> [DATA FOR THIS EXERCISE]

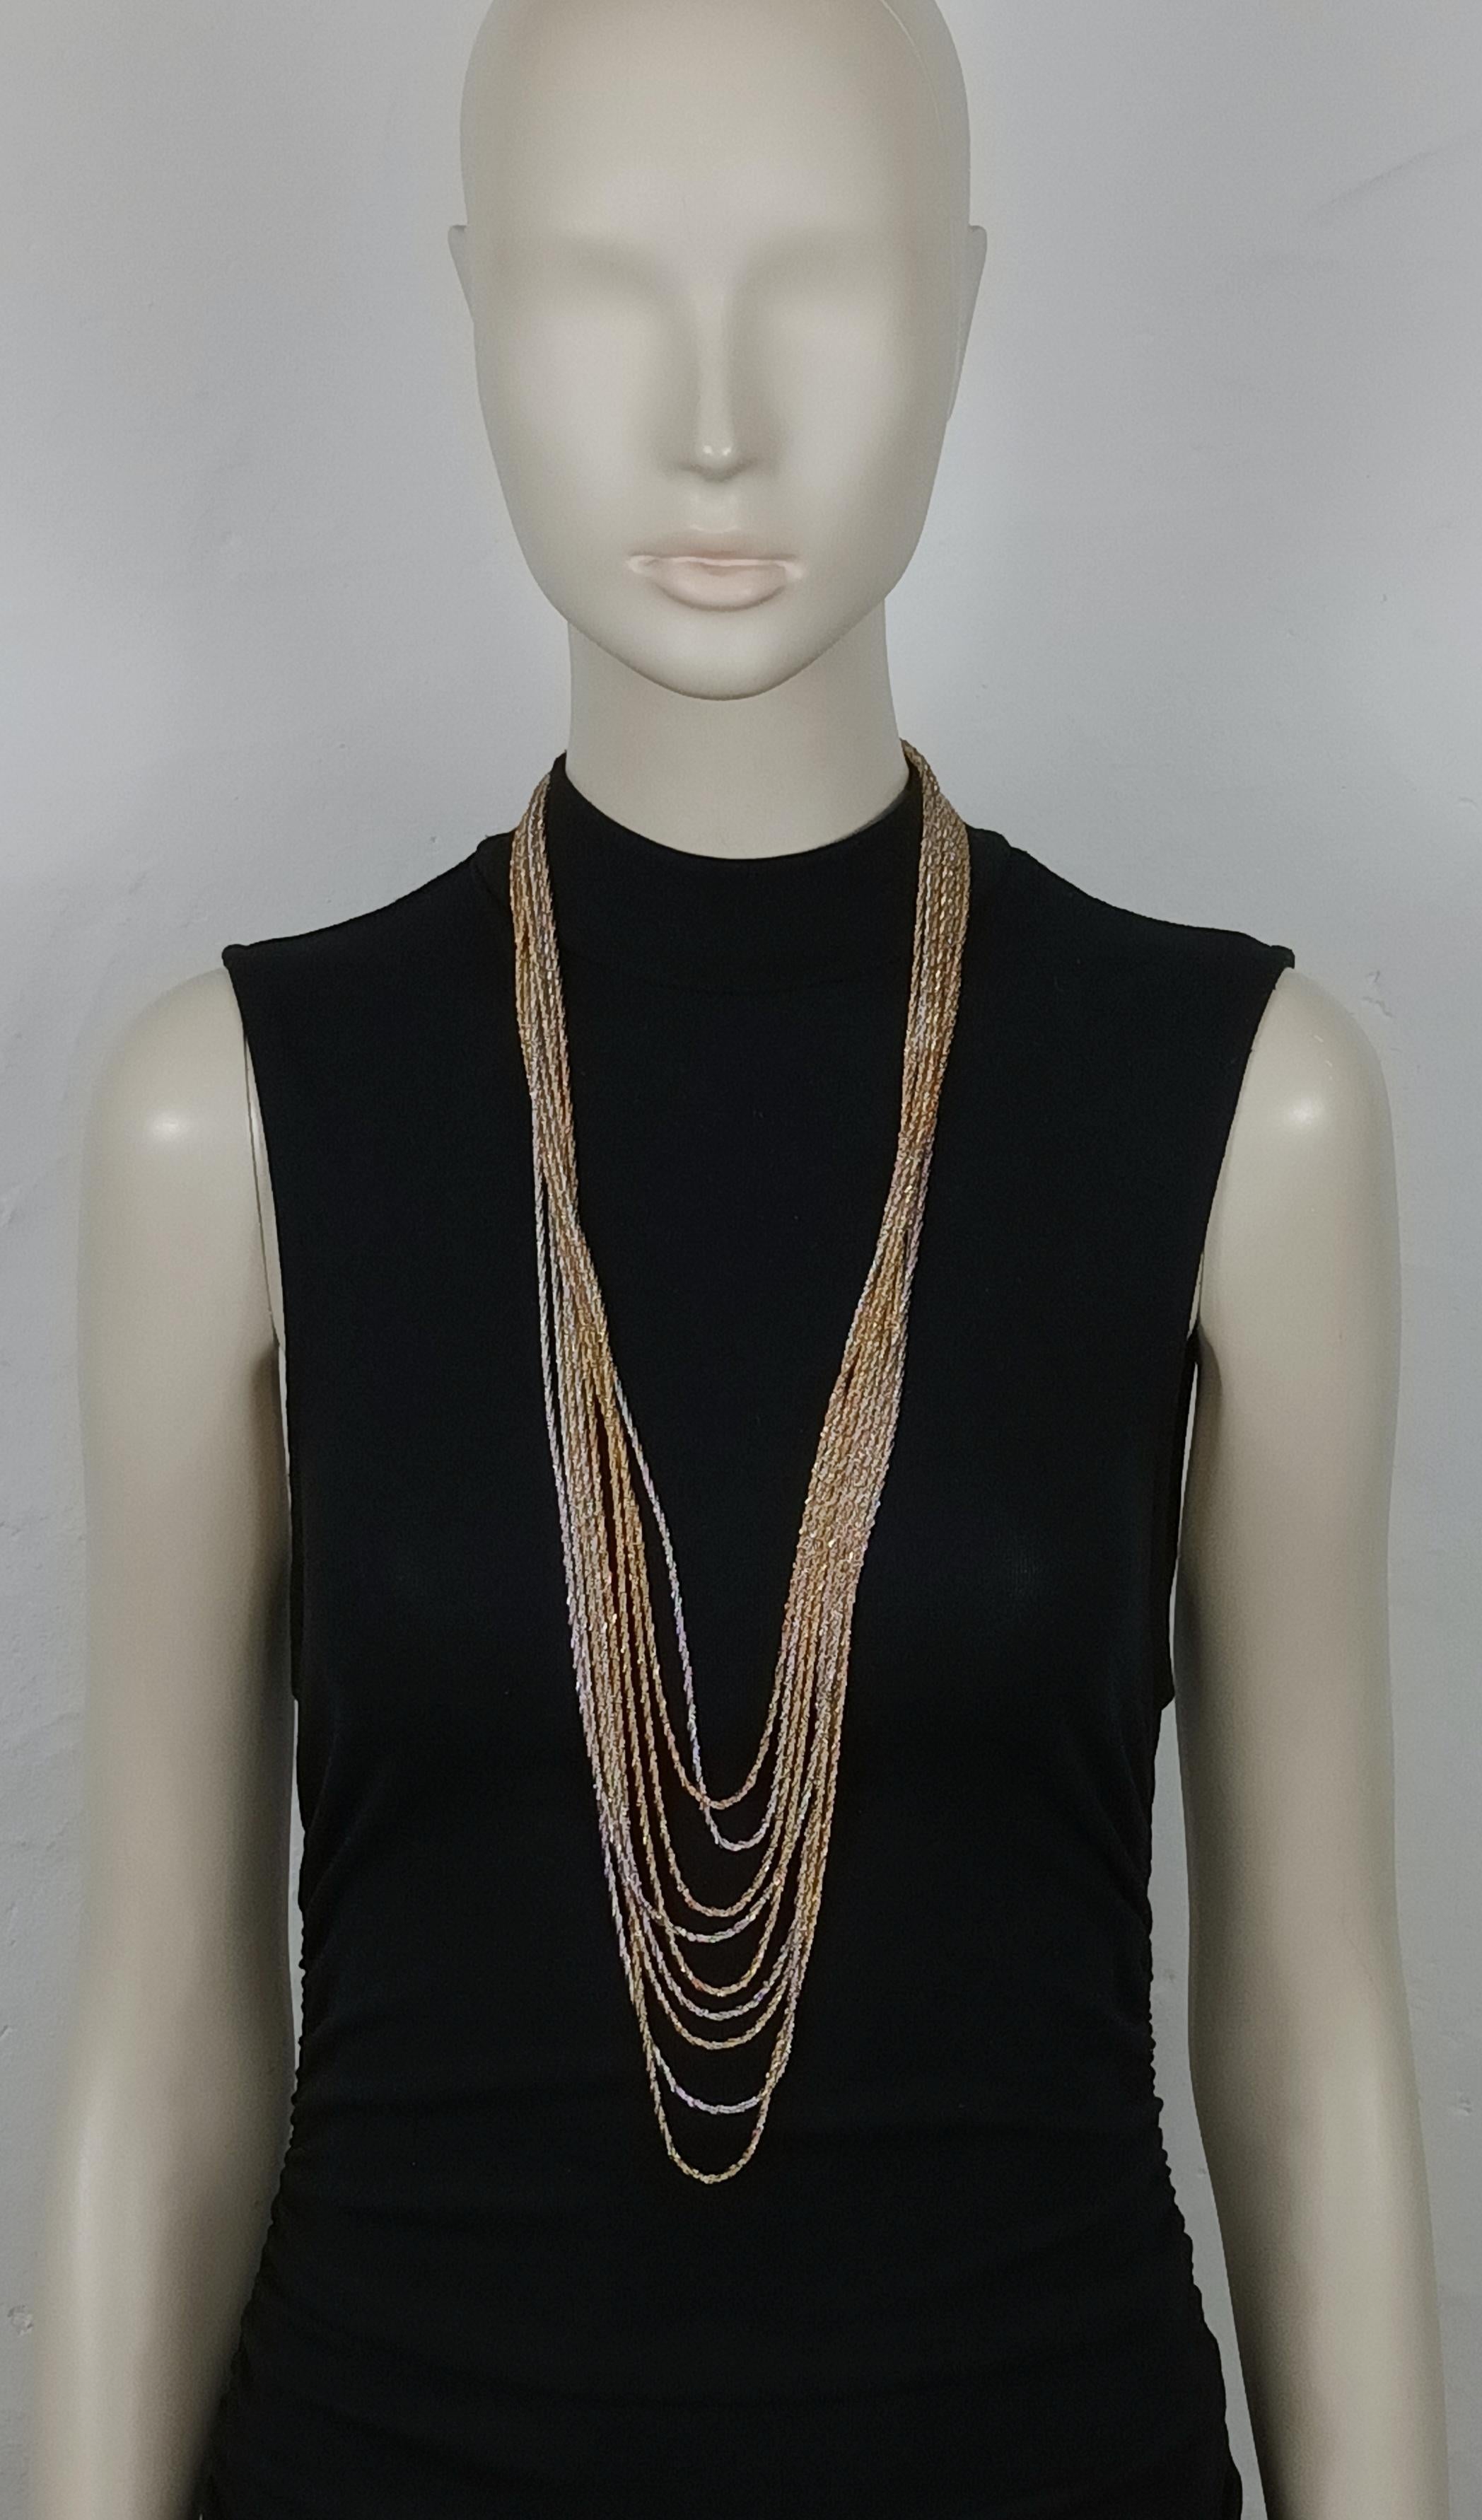 CHRISTIAN DIOR vintage two tone necklace featuring nine strands of twisted mesh chains.

Spring clasp closure.

Embossed 19 CHR. DIOR © 73 Germany.

Indicative measurements : length approx. 80 cm (31.50 inches).

Material : Gold tone metal hardware

> [AIM OF THE TASK] Transcribe all of the material exactly and leave out its pictures.

> [ANSWER SPACE]
 CHRISTIAN DIOR vintage two tone necklace featuring nine strands of twisted mesh chains.

Spring clasp closure.

Embossed 19 CHR. DIOR © 73 Germany.

Indicative measurements : length approx. 80 cm (31.50 inches).

Material : Gold tone metal hardware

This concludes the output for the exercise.